You mean teletype? No, it doesn't sound like that, TTY store and forward is simple in its queuing and end points. If the next hop to the destination is unavailable, it stops. When it is available, it restarts. To me, this sounds like MOM, that wonderful modern replacement for TTY. That heap of junk that queue fulls and discards messages, that halts with only writers and no readers, or readers and no writers. That cause of more extended system outages that any other component in a complex system.
@James Anderson
Damn straight!
On the issue of local resources:
The use of 'resources' is as usual interesting - it speaks volumes of identikit, replacable, hired in, temporary. An airline doesn't refer to its pilots as resources, or its aircraft engineers. It should refer to its IT staff as such... my guess is that of course it was local 'resource' fixing the problem, they'd be the only one with the access to touch the systems unless BA is gone even more loony than some on here suspect. They local resources would be on a bridge with a cast of hundreds from the supplier, all shouting at each other, all pointing in different directions. First the load balancer would be failed over and resynched. Then the firewall.
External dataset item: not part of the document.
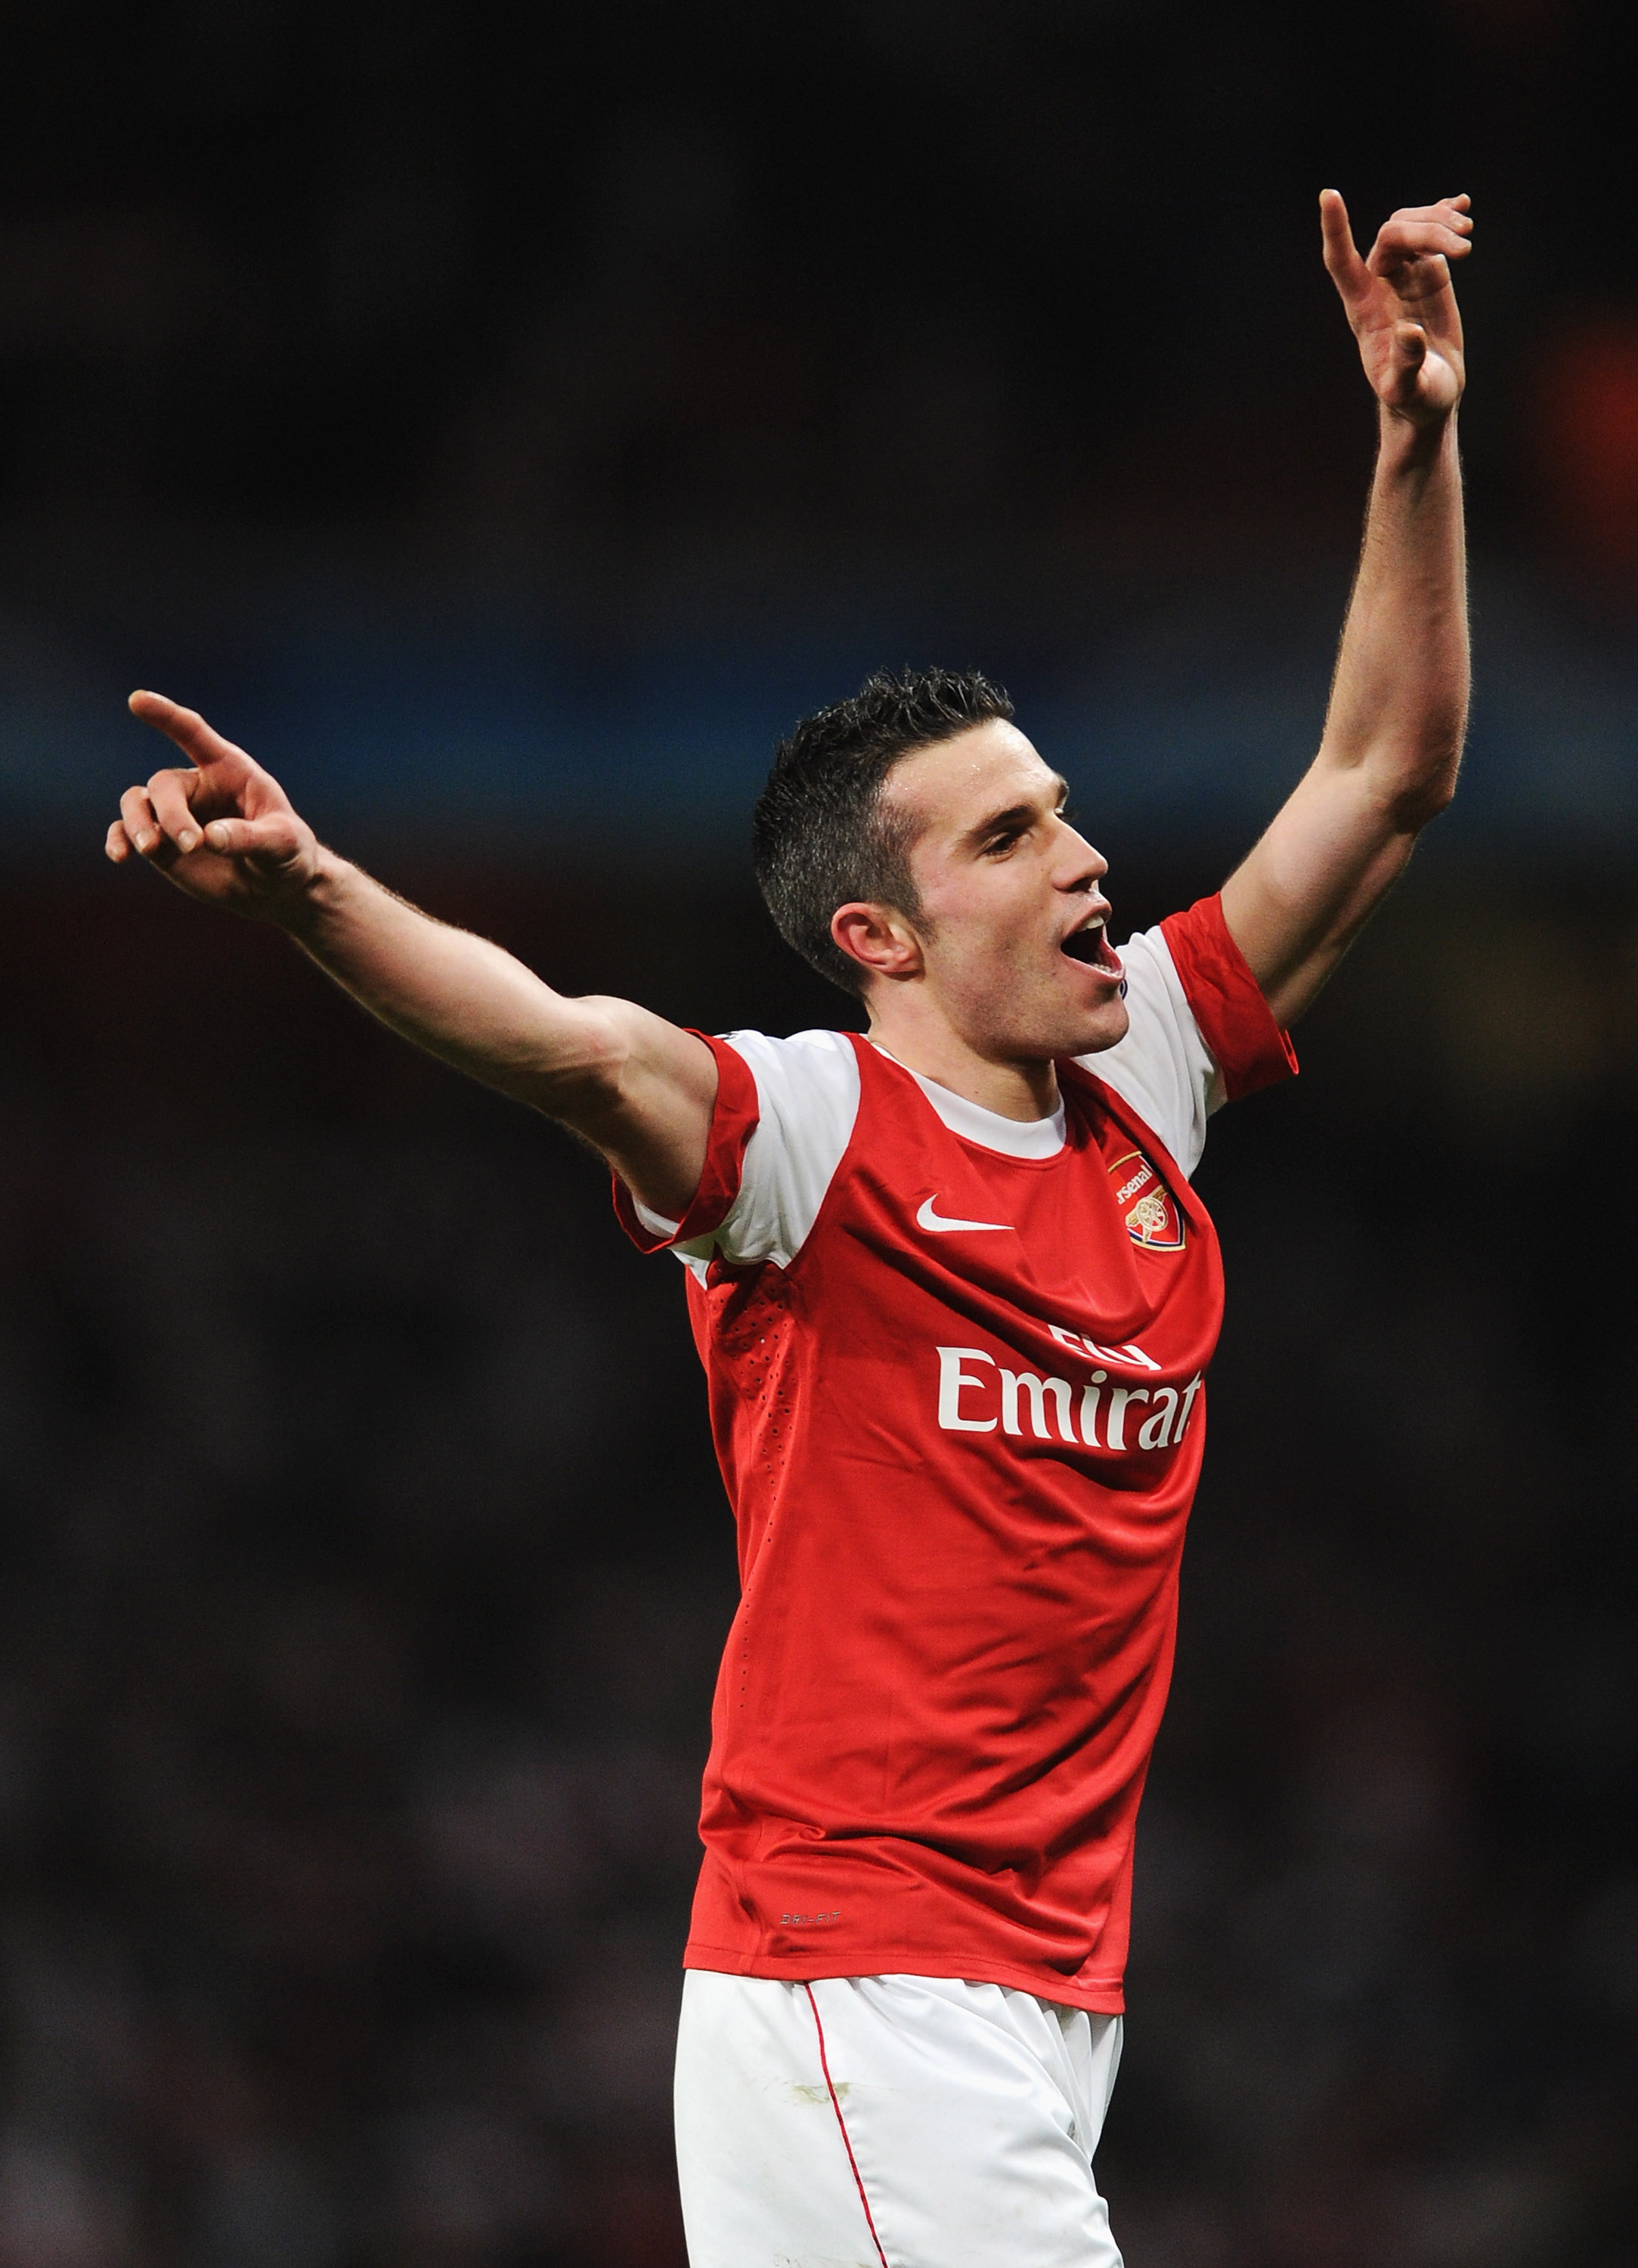 LONDON, ENGLAND - FEBRUARY 16:  Robin van Persie of Arsenal celebrates victory after the UEFA Champions League round of 16 first leg match between Arsenal and Barcelona at the Emirates Stadium on February 16, 2011 in London, England.  (Photo by Jasper Jui
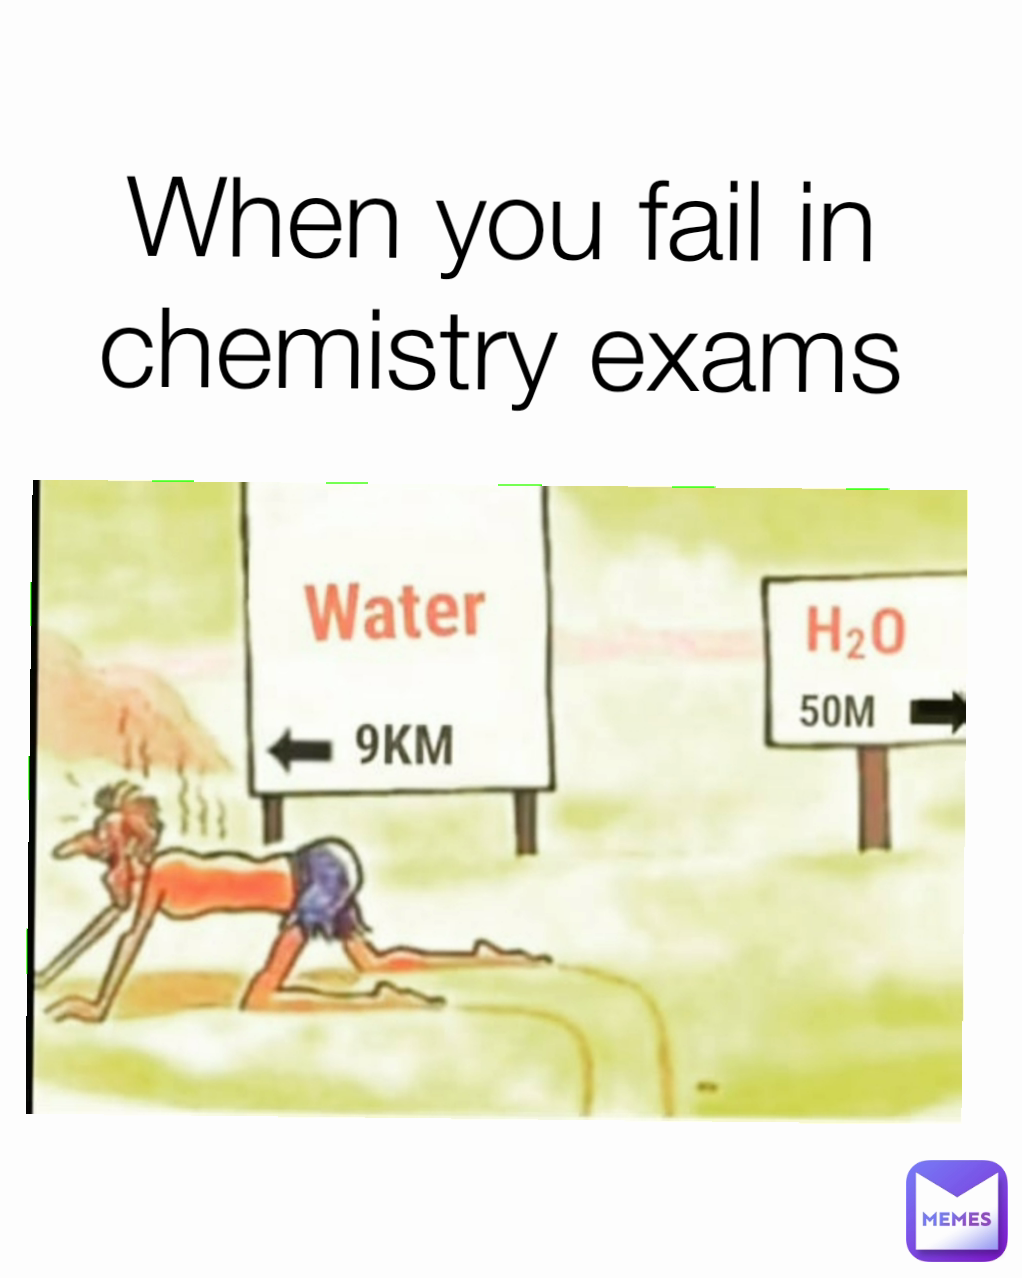 When you fail in chemistry exams

Then the DNS. Then someone would point out that some component that's never failed before has everything going through it and that it has a single error report in log somewhere not highlighted in automation because it's never been seen before.
Then, as said above, when some numpty decides to restart the box, a part of it fails catastrophically - something to do with electricity... it may be sunspots or a power surge, yes, we'll call it a power surge.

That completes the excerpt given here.